Выбрать главу

  Он воззрился на хмурое лицо Роста - воззрился невинно и умоляюще. На отце этот взгляд был им отработан пятьсот миллионов раз и действовал безотказно - даже на такого твердокаменного зубра, каким являлся Галицкий-старший! А уж такому телёнку, как Рост, и вовсе не суждено было с Тёмой справиться.

  - Вот пристал, - буркнул "телёнок", начиная давать явную слабину. - Может, Машку тогда вызвоним?

  - В другой раз, - дипломатично, но решительно отказал Тёма. Машки только не хватало на его военной или хирургической - непонятно, какой - операции!

  "Подлой", - мрачно подсказал внутренний голос, но Тёма немедленно отвесил ему яростного пинка, чтобы тот заткнулся. Что за хуйня, в самом-то деле! Хватит заниматься самоедством! Всё, что он задумал, было только к лучшему для Роста!

  Тёма же любил его!

  Последняя, такая простая и естественная мысль сразила его наповал. Он уставился на Роста во все глаза, позабыв дышать. Ноги у него подкосились, как чужие.

  Это чувство, равного которому он не испытывал никогда - этот лютый мучительный голод, эта болезненная жажда, это смятение - на разрыв аорты... выходит, всё это и было любовью?!

  - Рост... - шёпотом позвал Тёма, глядя в его непонимающее лицо, в распахнутые голубе глаза под светлым чубом, который тот, по своему обыкновению, нещадно теребил. - Рост...

  - Эй, чувак, ну ты чего? - заботливо и уже с некоторой тревогой спросил тот, беря его за плечо. - Чего загоняешься-то так? Ну, пойду я, пойду в этот твой клубняк, не парься только!
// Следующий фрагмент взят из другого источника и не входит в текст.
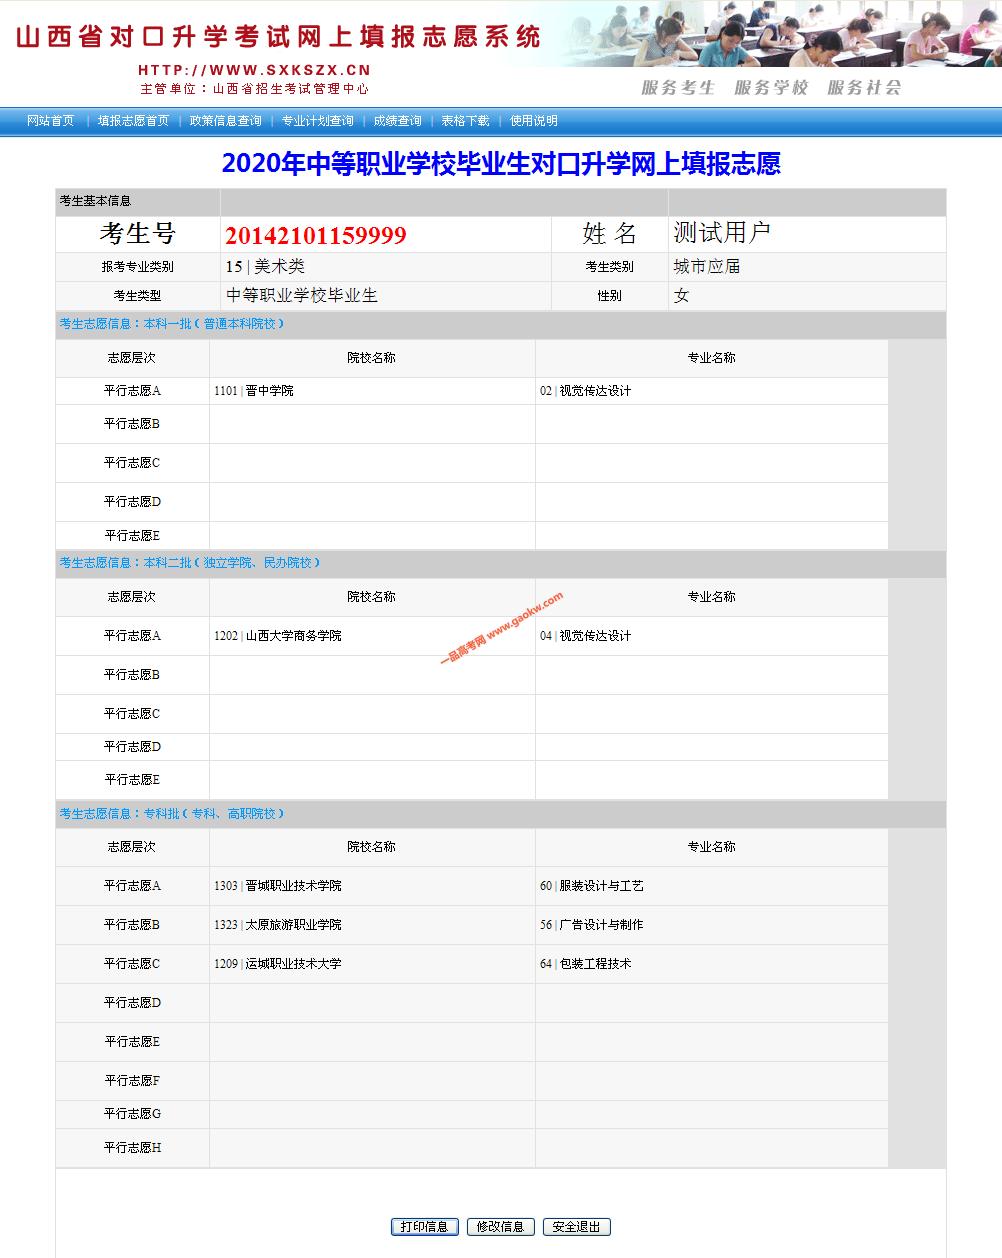 山西省2020对口升学考试网上填报志愿系统使用说明4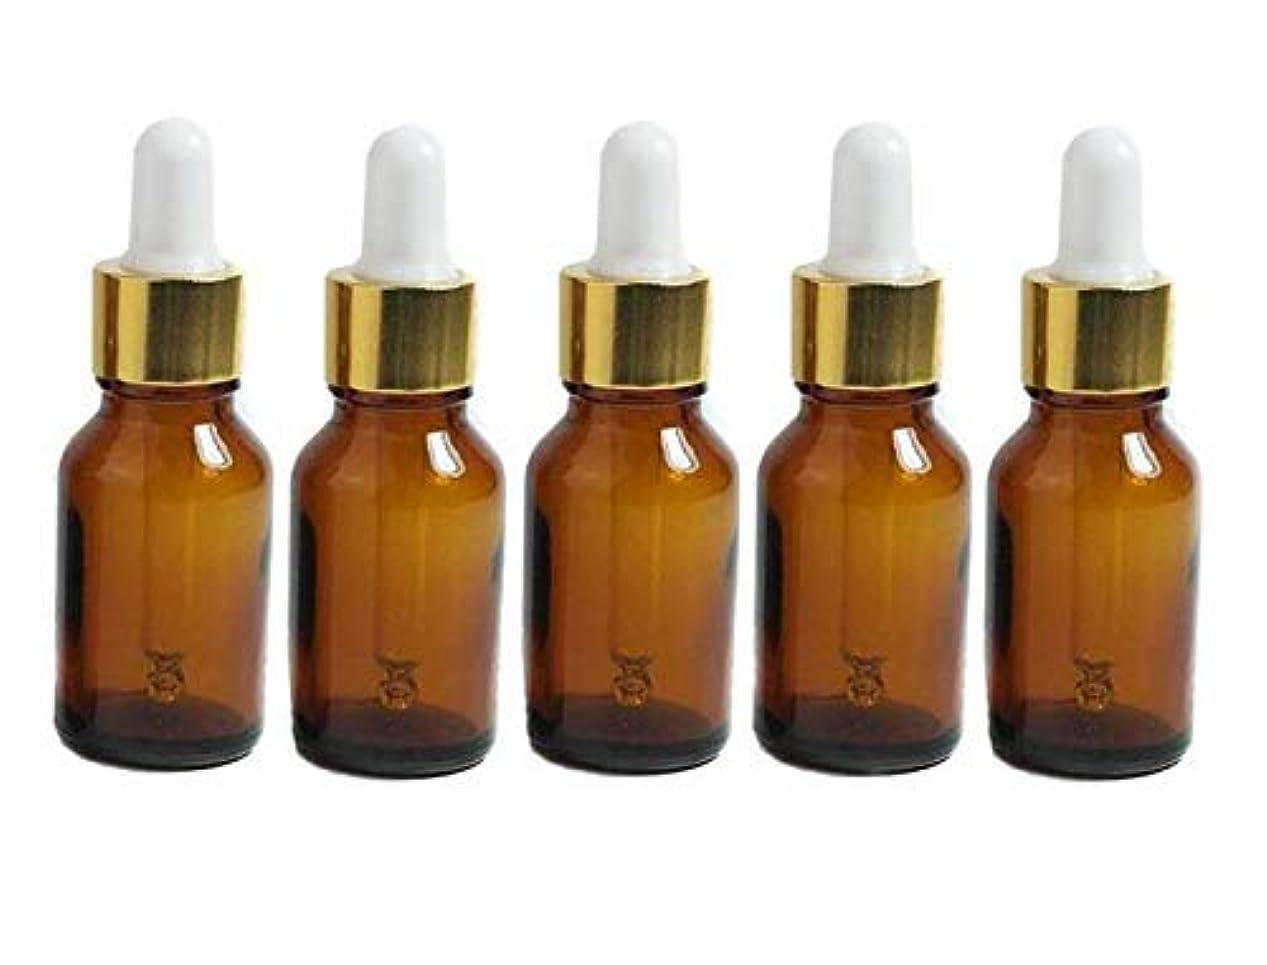 硬化する宇宙飛行士くちばし6PCS 15ml Mini Amber Glass Via With Pipette Dropper Bottles Aromatherapy Essential Oil Refillable Dropper Bottles...

  - Я не... парюсь, - выговорил Тёма более-менее внятно, прижав локтем прыгающее сердце.

  Он должен был сделать то, что спланировал! Он потом объяснится с Ростом. Он признается, что это всё затеял, пропади оно пропадом, только ради него, из любви к нему! Рост поймёт, в каком Тёма был отчаянии! Он простит! И... и ведь уже к утру они оба окажутся в раю, в том раю, который Тёма им обоим устроит!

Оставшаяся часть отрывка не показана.